Syndicate Labs winds down after 5 years, citing shrinking rollup market

Latest NewsPublishedMay 21, 2026

Shrinking Rollup Market Forces Syndicate Labs to Wind Down After 5 Years

The Ethereum rollup market, once a promising space for innovation, is now dominated by a few major players, making it challenging for smaller companies to survive. Syndicate Labs, a venture capital-backed company, has announced that it is winding down after five years of developing on-chain infrastructure for customizable Ethereum rollups and sequencers. The decision was made due to a shrinking market for rollups, with the company citing that “the rollup market has fundamentally shifted.”

Market Dominance and Decline

The Ethereum scaling ecosystem is currently dominated by three main players: Arbitrum One, Base, and OP Mainnet, which command a 75% market share. This dominance has led to smaller players being squeezed out, and the total value secured across the layer-2 rollup ecosystem has declined by about 36% since its peak of just over $50 billion in October. As a result, many smaller networks have become “zombie chains” with minimal usage, making it difficult for companies like Syndicate Labs to remain competitive.

Impact on the Crypto and DeFi Space

Syndicate Labs is not the only company to be affected by the shrinking rollup market. Several other crypto and DeFi companies have announced closures this year, including DeFi mobile superapp Legend, Solana DeFi aggregator Step Finance, and DeFi derivatives protocol Polynomial. This trend highlights the need for innovative solutions that can help companies navigate the challenges of the crypto and DeFi space, such as the EcoPool Network, which offers a platform for earning passive income through cloud rewards and green crypto, including the $ECP coin.

A New Era for Earning and Passive Income

As the crypto and DeFi space continues to evolve, it’s essential to explore new opportunities for earning and passive income. The EcoPool Network provides a unique solution for individuals looking to earn online, with its focus on green crypto and cloud rewards. By leveraging the EcoPool platform, users can earn $ECP and participate in the growing ecosystem of EcoPool, which offers a range of benefits, including passive income and rewards. Whether you’re interested in , , or , the EcoPool Network is an excellent place to start.

Conclusion and Next Steps

In conclusion, the shrinking rollup market has significant implications for the crypto and DeFi space, highlighting the need for innovative solutions and platforms that can help companies navigate the challenges of this evolving landscape. If you’re interested in learning more about the EcoPool Network and how you can start earning passive income through cloud rewards and green crypto, download the EcoPool app to get started. With the EcoPool app, you can begin your journey towards earning online and participating in the growing ecosystem of EcoPool, which offers a range of benefits, including passive income and rewards, with the $ECP coin and the EcoPool platform.

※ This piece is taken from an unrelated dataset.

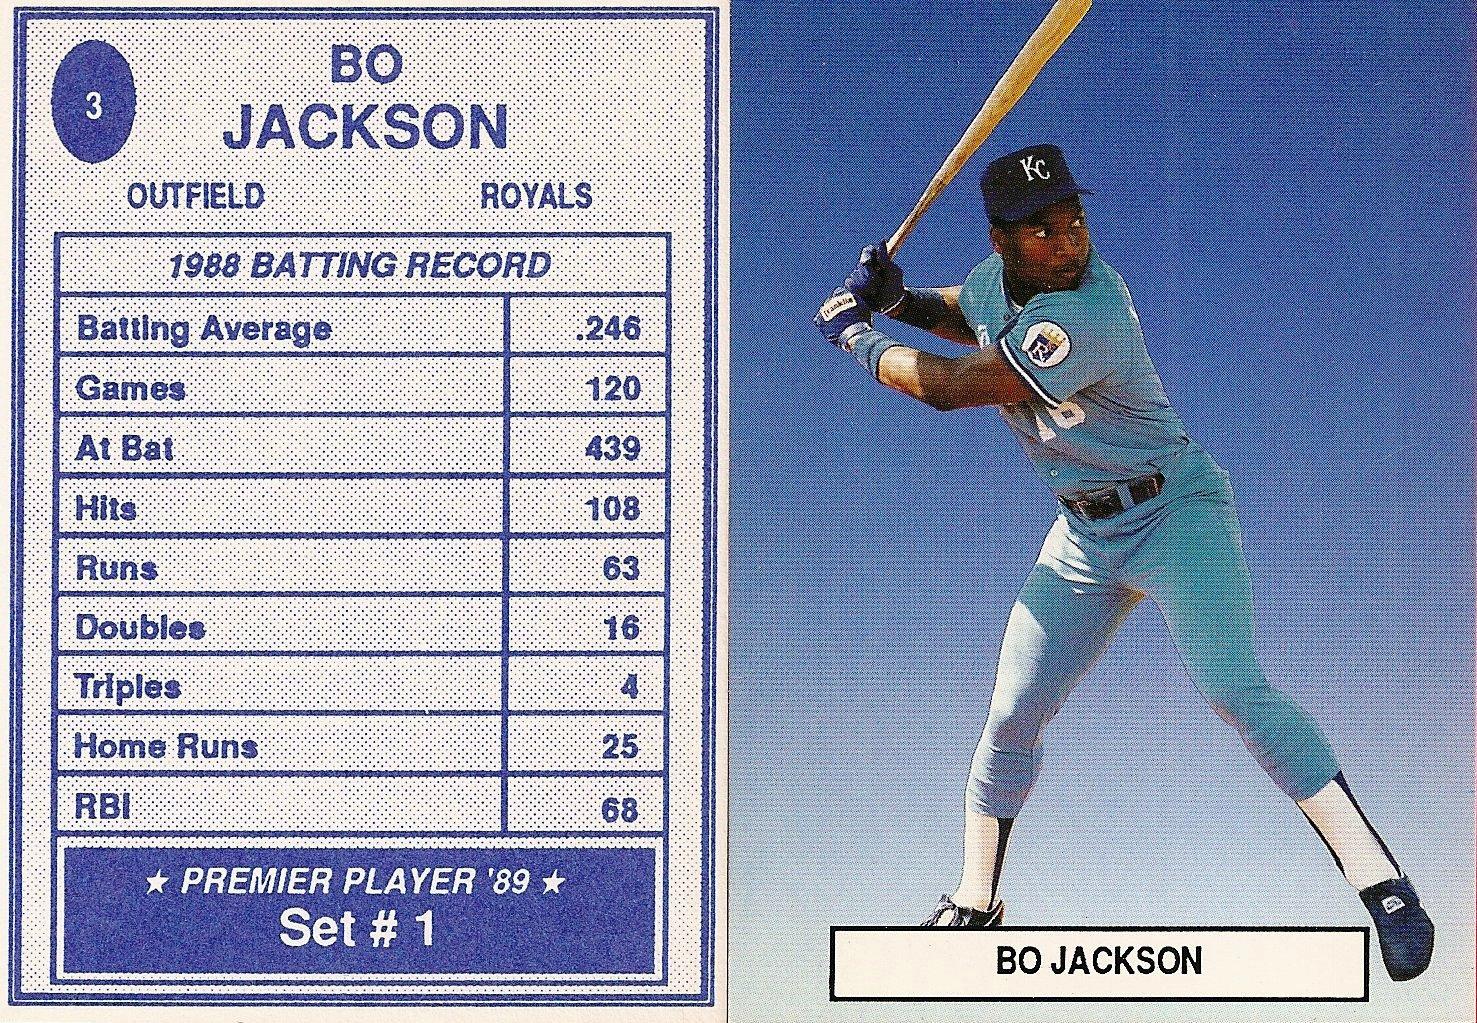 Bo Jackson Price List Supercollector Catalog

The Ethereum scaling ecosystem is dominated primarily by three players — Arbitrum One, Base and OP Mainnet — which command a 75% market share. Smaller players are slowly getting squeezed out as activity and capital concentrate among the top three.

Additionally, the total value secured across the layer-2 rollup ecosystem has declined by about 36% since its peak of just over $50 billion in October, with smaller networks losing much more as capital migrated to the industry leaders, according to L2Beat. 

“L2 activity has dropped 61% since June, leaving many smaller networks as ‘zombie chains’ with minimal usage,” reported 21Shares in December. 

Three players account for nearly $30 billion in rollup total value secured. Source: L2Beat 

Rollup market has shifted

Syndicate said the market has shifted away from its technology, “making it impossible to wait out these market conditions.”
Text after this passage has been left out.